**WORK INSTRUCTIONS:** Write every line of the material again exactly, with no pictures in the copy.

**PROVIDED MATERIAL:**
= = = =
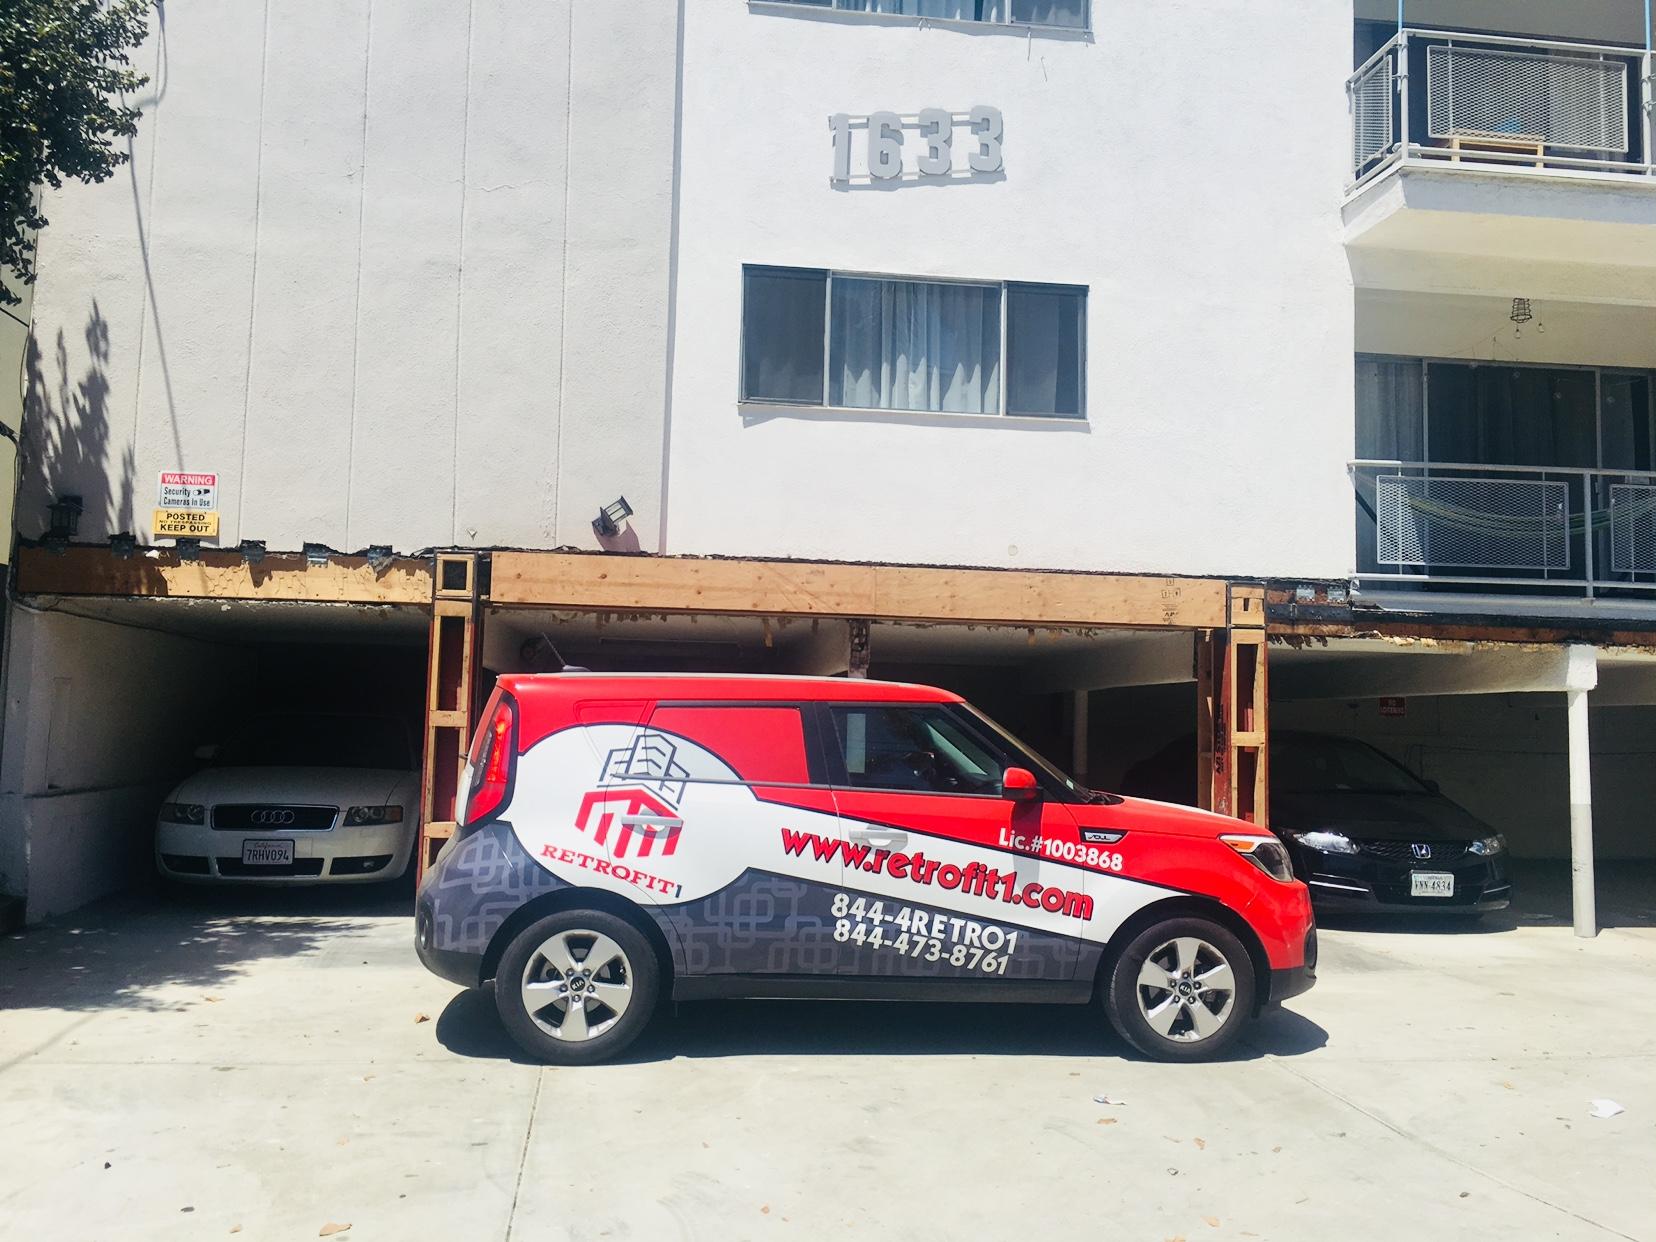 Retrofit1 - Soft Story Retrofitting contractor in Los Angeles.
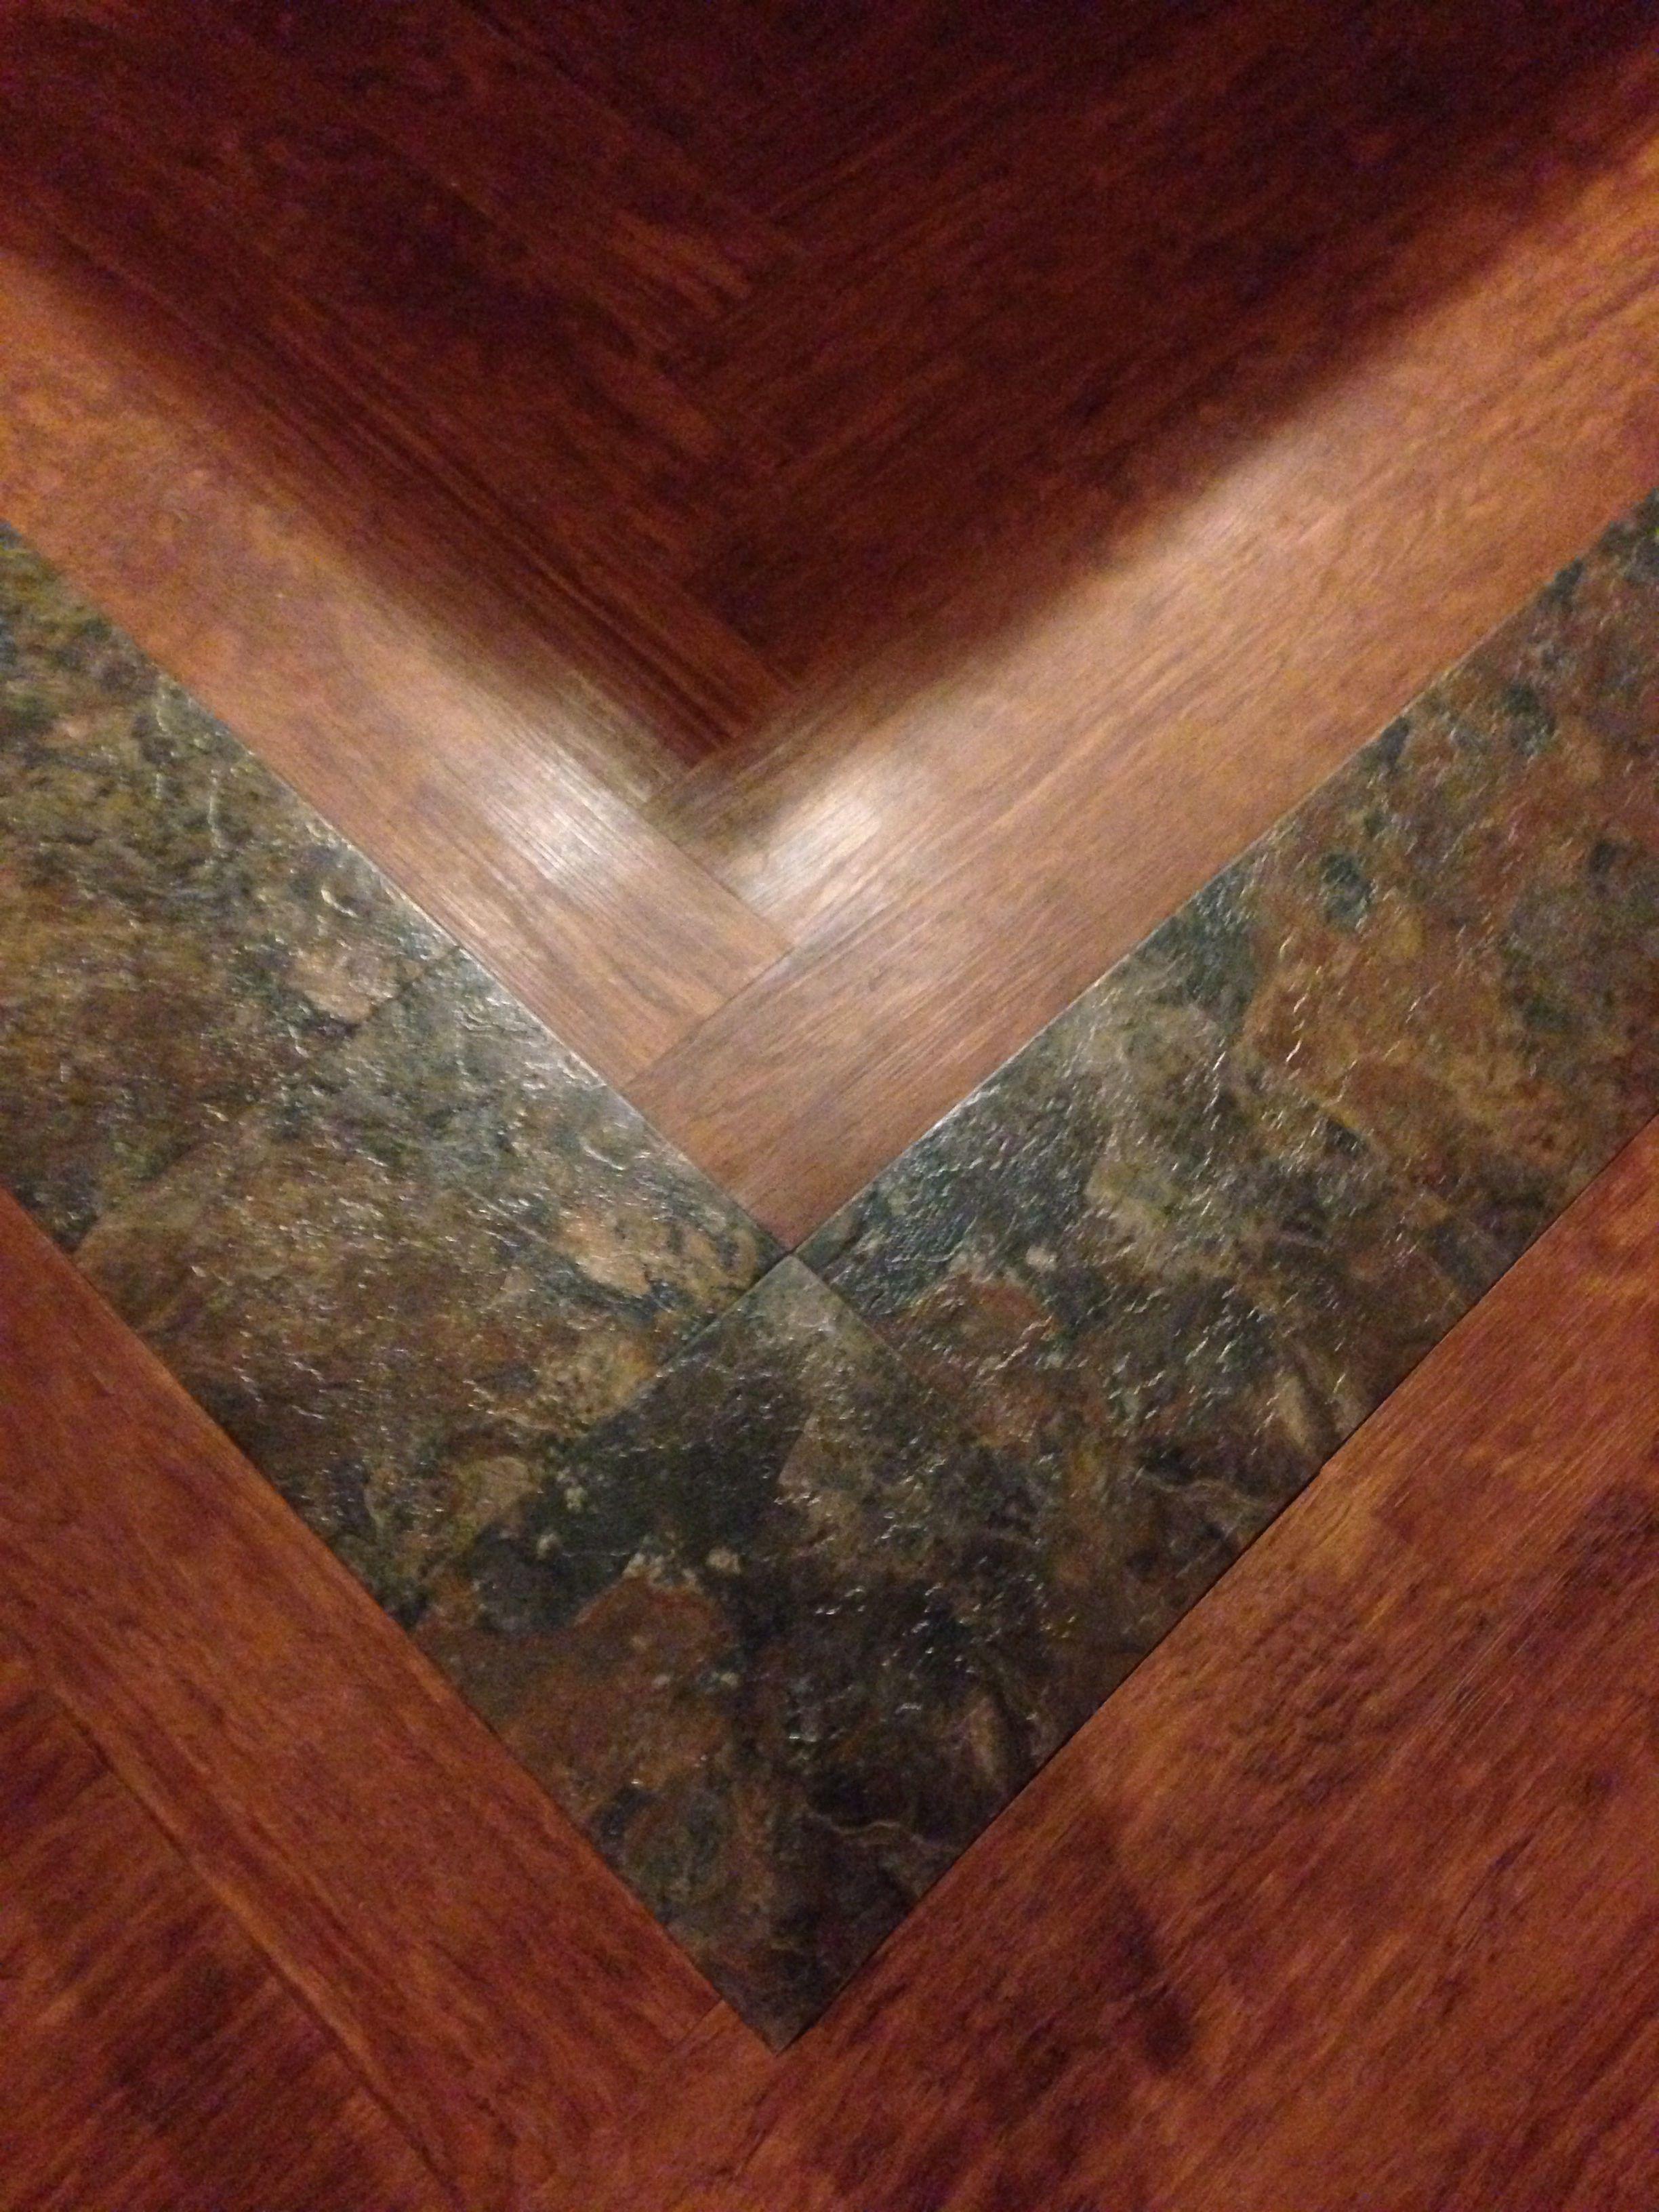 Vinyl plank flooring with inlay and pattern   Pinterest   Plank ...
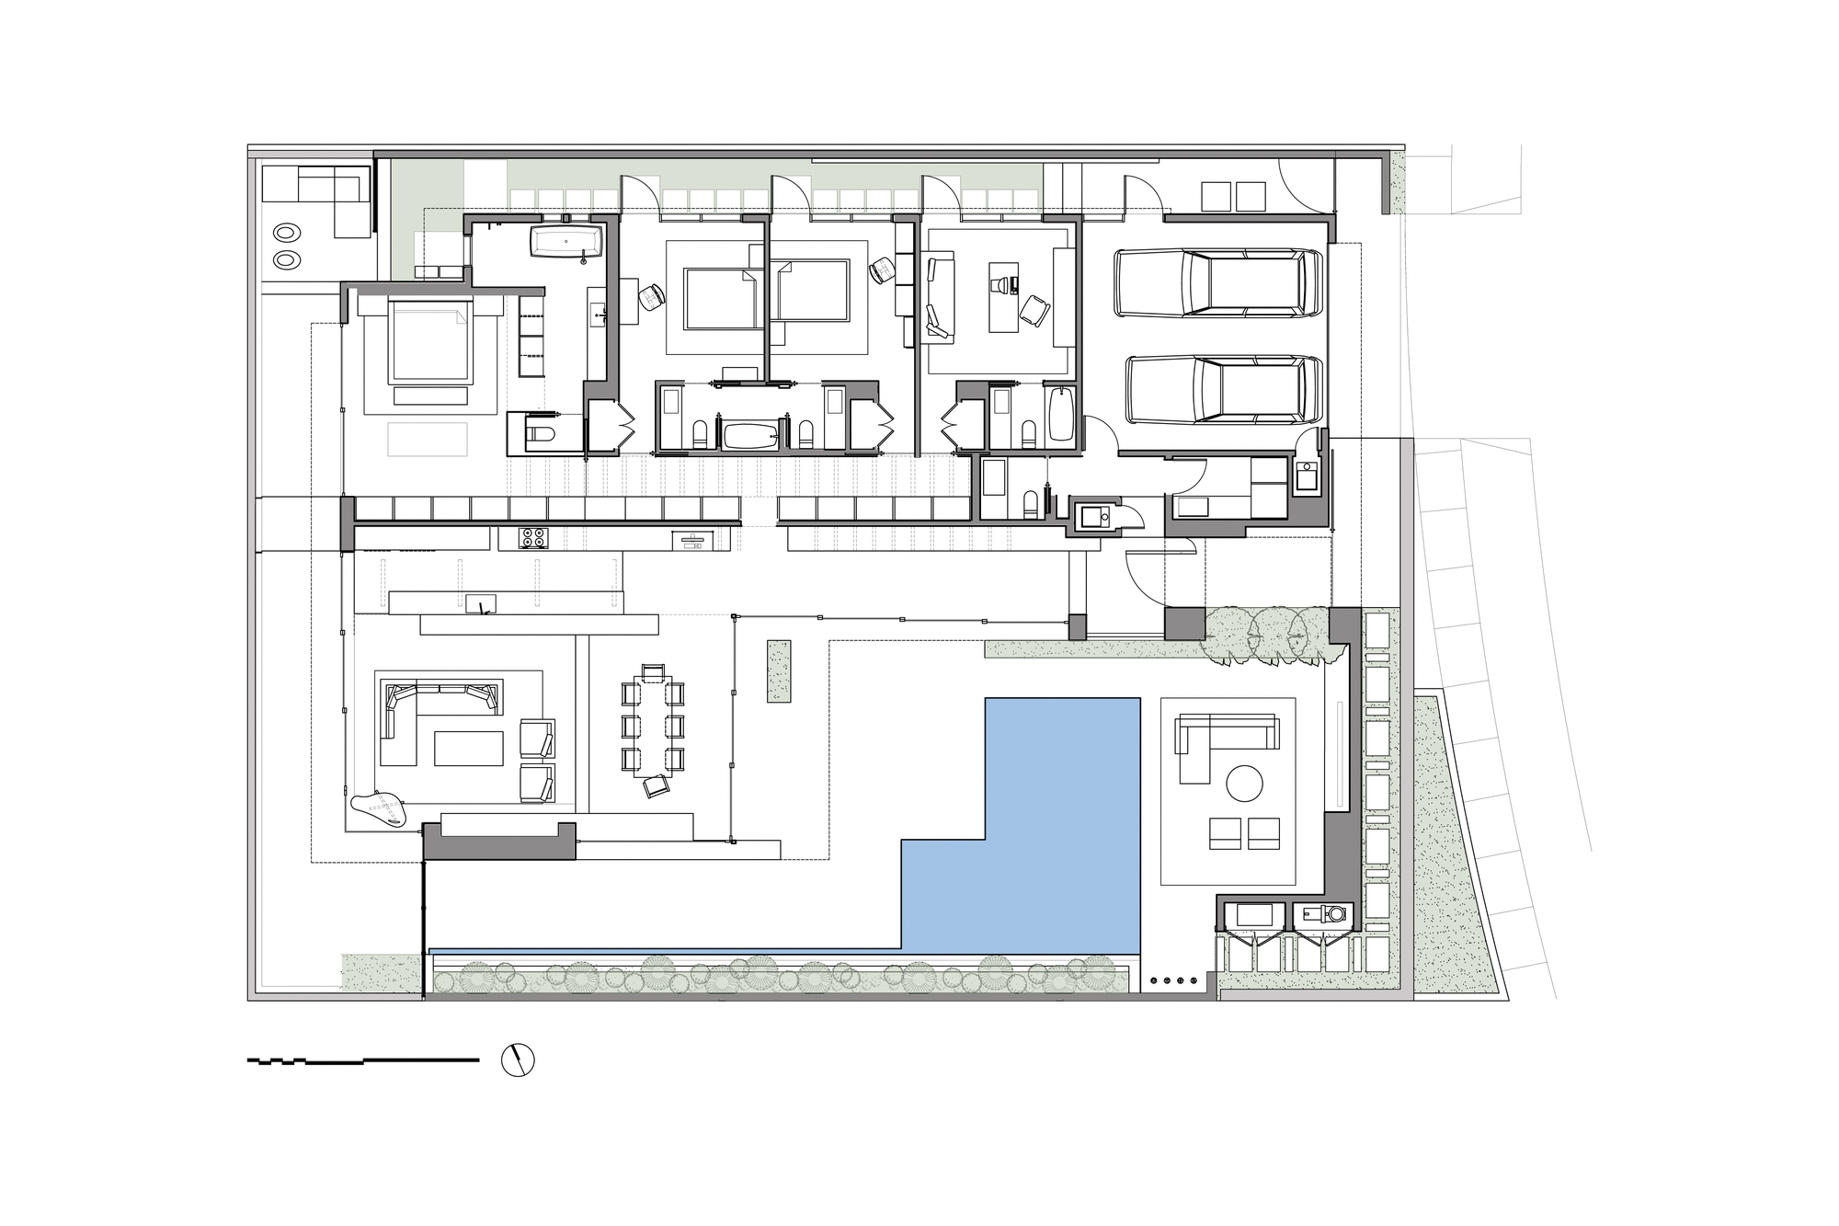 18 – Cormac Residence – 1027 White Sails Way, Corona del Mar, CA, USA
= = = =
**RESPONSE TO THIS TASK:**
 Retrofit1 - Soft Story Retrofitting contractor in Los Angeles.
 Vinyl plank flooring with inlay and pattern   Pinterest   Plank ...
 18 – Cormac Residence – 1027 White Sails Way, Corona del Mar, CA, USA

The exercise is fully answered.